Last year, the death of the world’s last male northern white rhino Sudan at age 45 devastated the world. Sudan was being treated for age-related complications that led to degenerative changes in muscles and bones combined with extensive skin wounds. His condition worsened significantly in the last 24 hours before his death, was unable to stand up and was suffering a great deal & the veterinary team from the Dvůr Králové Zoo, Ol Pejeta and Kenya Wildlife Service made the decision to euthanize him.
Since his death, the discussions around wildlife extinction and conservation have heightened; and for the right reasons. The rate of wildlife being hunted down has both decreased and increased in certain areas. An example is in Kenya, where CS of Tourism Najib Balala announced that we lost over 400 elephants to drought.

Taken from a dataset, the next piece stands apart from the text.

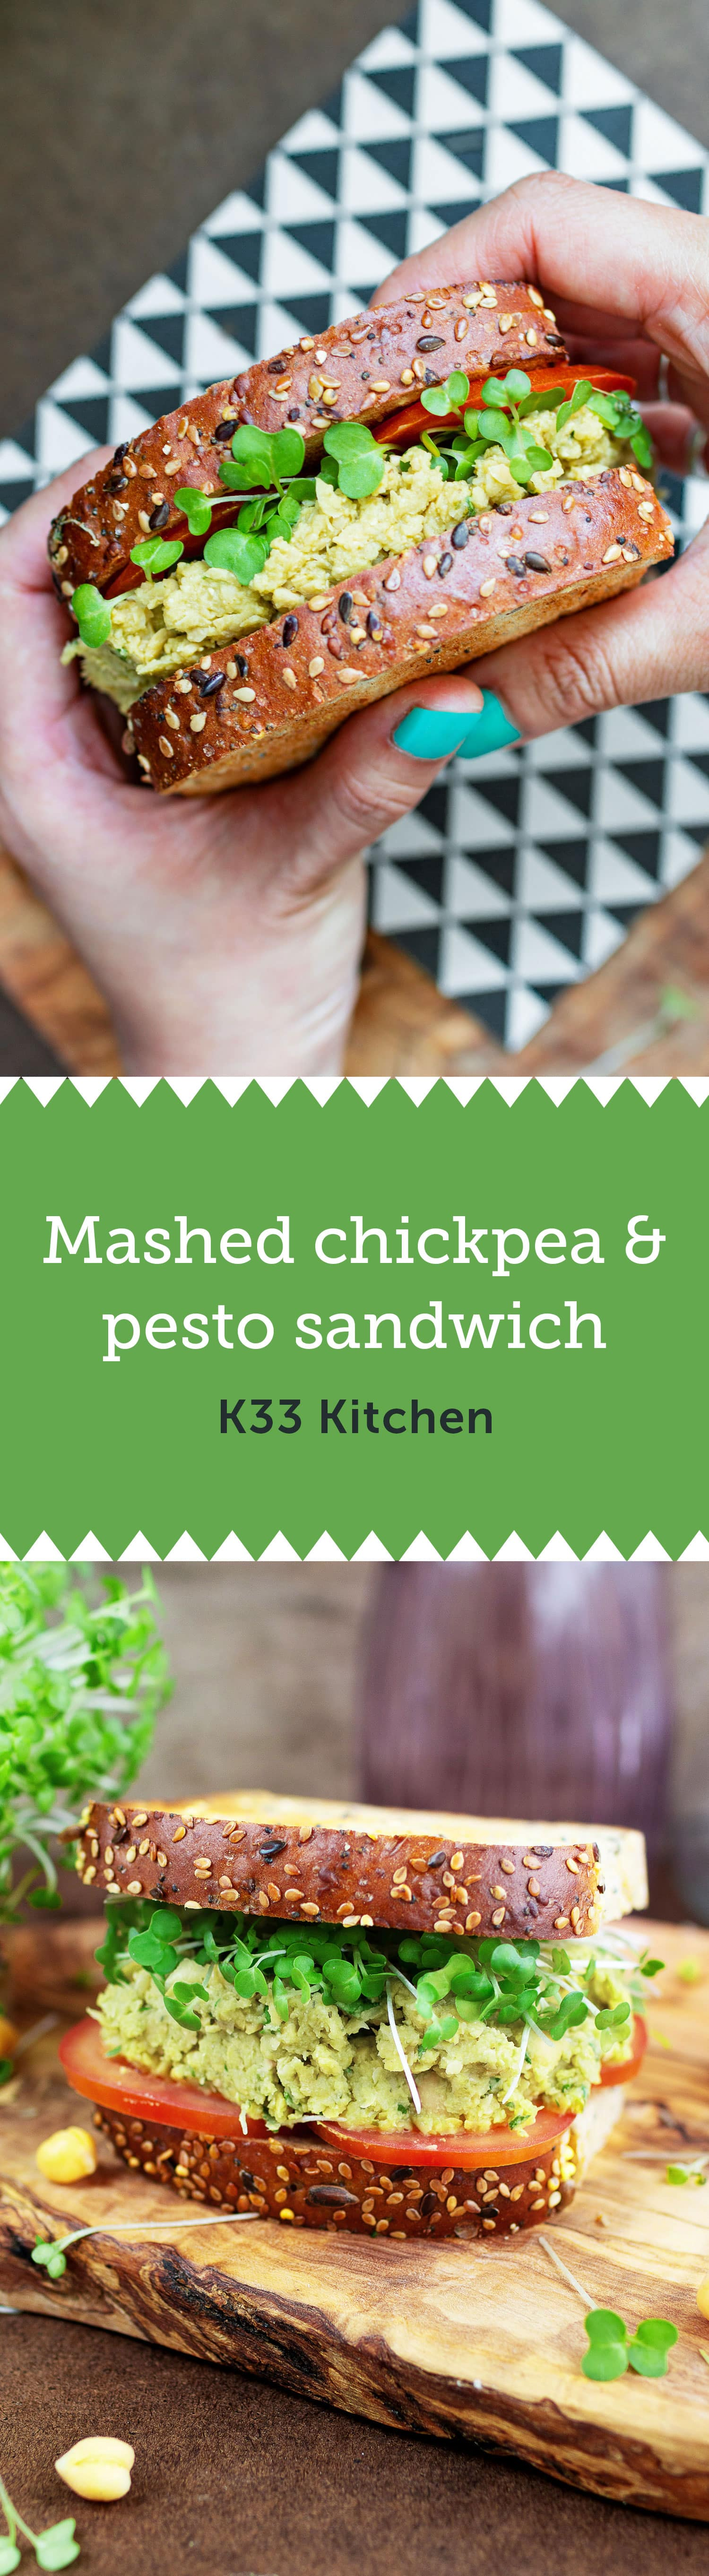 Mashed chickpea pesto sandwich

50% of Africa's elephants were killed by the ivory trade between 1979-1989, according to @ste_kenya.
Today, at least 20,000 are killed every year — despite a ban on ivory sales. pic.twitter.com/52tbknhhxk
— AJ+ (@ajplus) August 12, 2019
On the other side, Lewa Wildlife Conservancy is constantly breaking barriers in the conservation of elephants, as seen from this post as they celebrated World Elephant Day.
Good news for the beloved species – elephant populations are increasing in Kenya due to a reduction in poaching. Today, we celebrate this conservation success!
— Lewa Wildlife Conservancy (@lewa_wildlife) August 12, 2019
In March this year, I had the privilege of traveling to Lewa Wildlife Conservancy to see the first hand efforts of the rangers and conservationists against the terror that is poaching & in October 24th, Ol Pejeta Conservancy will be hosting a screening of the Kenya premiere of “Kifaru” at Trademark Hotel, Nairobi on Thursday, at 6:00PM.
“Kifaru” outlines the challenges of rhino conservation through the eyes of two Ol Pejeta rangers: James Mwenda and Joseph Wachira (Jojo). Mentored by the oldest member of the rhino unit, Jacob Anampiu, these two young men learn how to balance burning idealism with harsh realities.
“Filmed over the course of James and Jojo’s first four years on the job, Kifaru brings to light the heartbreak and determination that came with caretaking the ‘Ambassador of Extinction’ – the last northern white rhino male on the planet, Sudan. At the age of 45 Sudan was euthanized in March 2018 due to age-related issues, but not before inspiring hundreds of thousands to do more for rhino conservation” says Richard Vigne, Ol Pejeta’s Managing Director.
Unfortunately, Sudan’s death leaves just two female northern white rhinos on the planet; his daughter Najin and her daughter Fatu, who remain at Ol Pejeta. The only hope for the preservation of this subspecies now lies in developing in vitro fertilisation (IVF) techniques using eggs from the two remaining females, stored northern white rhino semen from males and surrogate southern white rhino females.
Director David Hambridge said the film mirrors a perspective from which the tragic plight of the world’s most endangered species could be humanised, transcending cultural barriers to expose the mortifying truth of humans’ atrocities on nature:
“Great stories always contain universal truths, which often serve as the northstar for future decisions. While striving to expose these truths, I’ve always been interested in telling stories that transcend cultural barriers and invoke empathy that all corners of humanity can identify with. We believe the greatest weapon these caretakers have in this fight for an entire species are their stories. I believe viewers will finally get to feel extinction for the first time – and hopefully the last”, said Hambridge.
Since Sudan’s death, James and Jojo have travelled all over the world to share their stories, gathering support and raising awareness for the wildlife they have become so passionate about. Kifaru is a film that will spark a new era of conservationists, uniting people from all over the world in the fight for wildlife.